In an article in the Raleigh News and Observer last week, it was announced that Blue Cross Blue Shield of North Carolina reported a profit for the first time on its ACA exchange plans. The profit was about $600 million, and that single year profit wiped out the three previous year’s losses in one fell swoop. Proponents of the ACA touted this news as proof that the ACA is working. Brendan Riley, health policy analyst at the N.C. Justice Center in Raleigh, was quoted as saying, “This is a clear sign that the ACA can and does work.” He went on to say, “Clearly things are stabilizing despite all the sabotage and politics in Washington.” If this wasn’t such an important issue, I might have fallen off my chair from how hard his statements made me laugh. Seriously? This is a sign of success? This would be like the captain of the Titanic saying, “Clearly this shows the capability of my ship to become a submarine. The Titanic now holds the record for the deepest dive, as she made it all the way to the ocean floor.”
Now let’s set aside political bias, and the fantasy land that it produces, and look at some cold, hard facts.
The only reason BCBS of NC was able to produce a profit and “stabilize” the local ACA market is because they were finally in a position that allowed them to increase rates as high as necessary to produce that profit. The consumers are insulated from these price increases because federal subsidies go up whenever premiums go up. Essentially, BCBS raises rates and the Federal government covers those increases so the people buying on the exchange don’t feel the impact. This is much different than what happens to employers and individuals who used to buy coverage prior to the exchange marketplaces.

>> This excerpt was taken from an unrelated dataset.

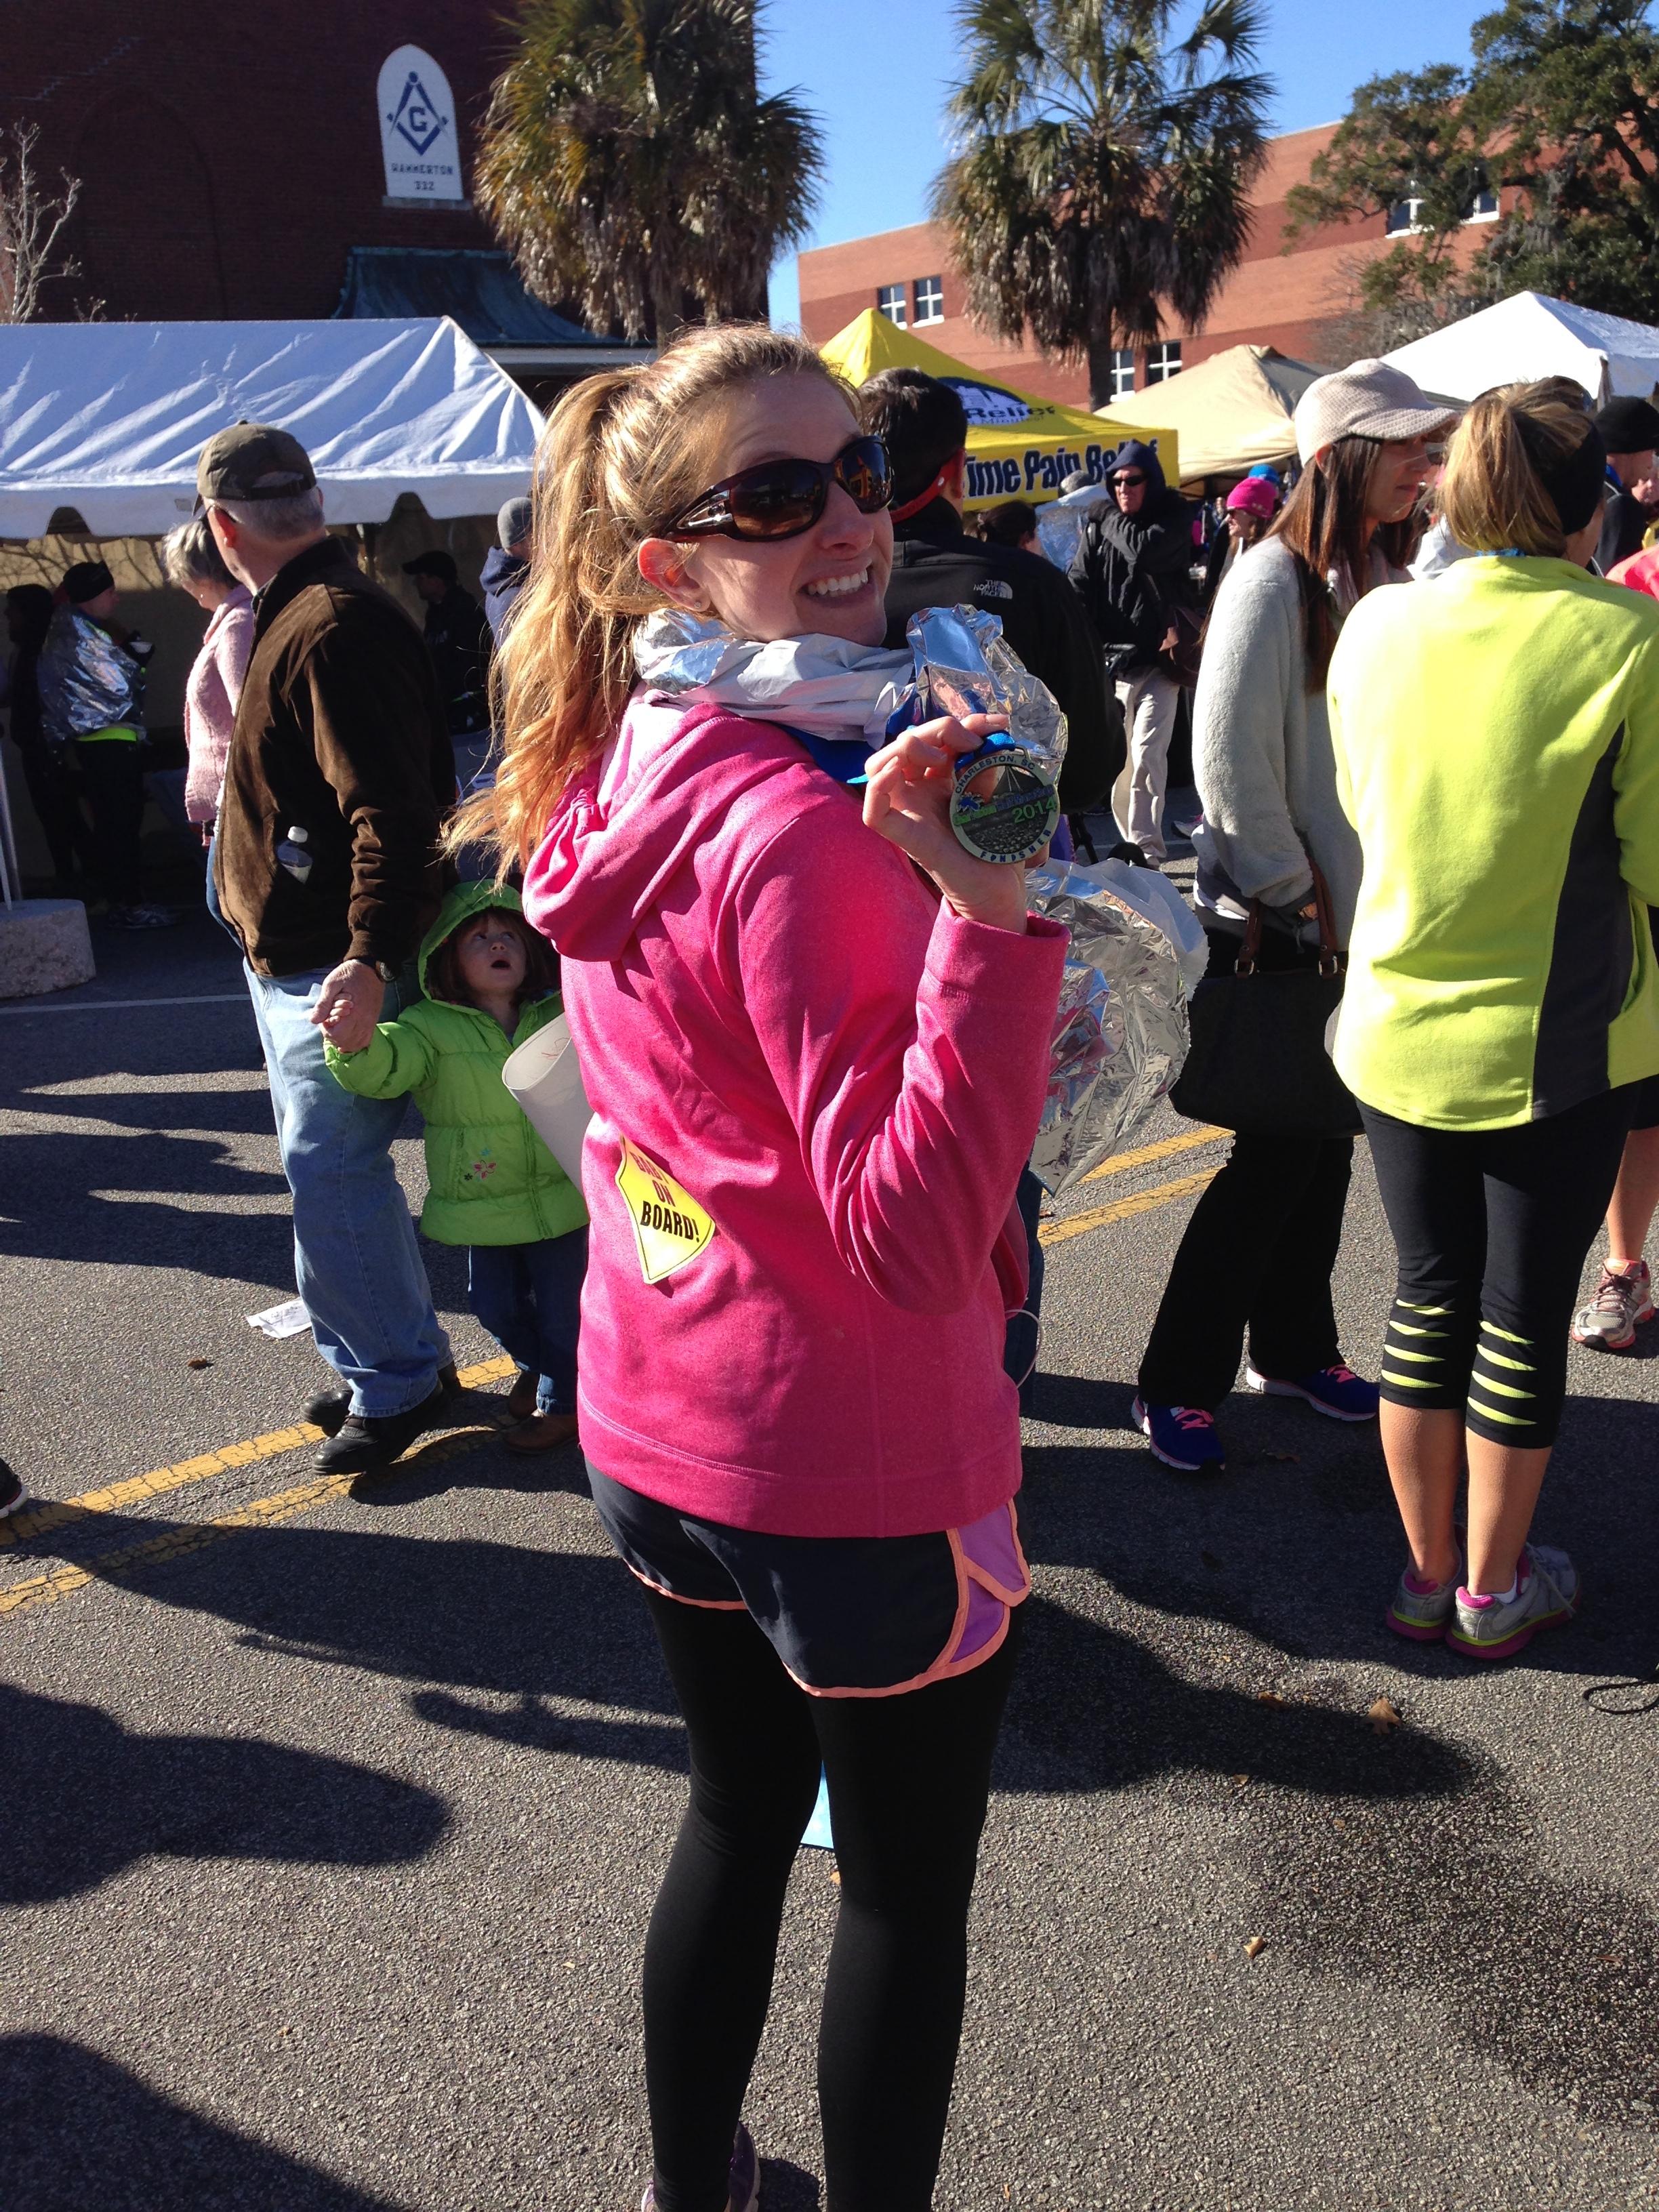 After finishing a half marathon at 20 weeks pregnant

Over the last four years the average premium for BCBS on the ACA exchanges has gone up by 79%. During that same period of time, the Consumer Price Index only went up by 5.8%. Put another way, if the price of gas went up by 79% we would be paying $5.37 per gallon, not the $2.57 we are actually paying now.
Later in the article, BCBS points out that the ACA exchange members continue to drive more cost than the non-exchange population. The average ACA member has medical expenses that are over 40% higher than the average non-ACA member. Even more concerning, the sickest 5% of the ACA population, 27,000 people, generated $267 million in revenue last year but cost $2.1 billion in medical claims. That’s right, 27,000 people, less than 1% of the 3.8 million people in North Carolina covered by BCBS, accounted for almost a third of all medical expenses.
So, what does all of this mean? First, I must seriously disagree with Mr. Riley, who seems to believe that the news of the BCBS profits are an example of the success and viability of the ACA exchange market. To me, what this news shows is a very different picture. It’s difficult to imagine Blue Cross not finally showing a profit after four years of increasing their rates 20% every renewal. With rate hikes like that, you’re eventually going to get into the black. Beyond that, the article shows that the people getting their insurance through the exchange are, on average, very sick. For those people, the ACA is a very good thing. Many of them may not have any other way to get insurance. I don’t want to gloss over what a positive impact the ACA has had on their lives; however, we can’t be blind to the fact that the only way we have made this system work is to tap into the seemingly endless federal credit card. What the article also shows is that a small percentage of those members are extremely sick and are now consuming almost a third of all health care expenses. Spending $2.1 billion on 27,000 people is not sustainable. Premium increases of 20% per year are not sustainable. Paying for these increases with more and more federal debt is not sustainable. Consider this: prior to the Great Depression, the federal debt was about 10% of Gross Domestic Product. Right after World War II, when the government had to finance the war effort, our debt grew to about 120% of GDP. That ratio went down to about 30% by the end of the Carter administration. Since the Carter administration, our government has been on a spending spree like we’ve never experienced before. The last four decades have seen our debt to GDP ratio rise from 30% to over 100% and projections have it breaking the old record from WWII within the next five years.
So, before anyone declares victory for the ACA and its ability to control costs, we should look at all the facts. As John Quincy Adams said so well, “Facts are stubborn things; and whatever may be our wishes, our inclinations, or the dictates of our passions, they cannot alter the state of facts and evidence.”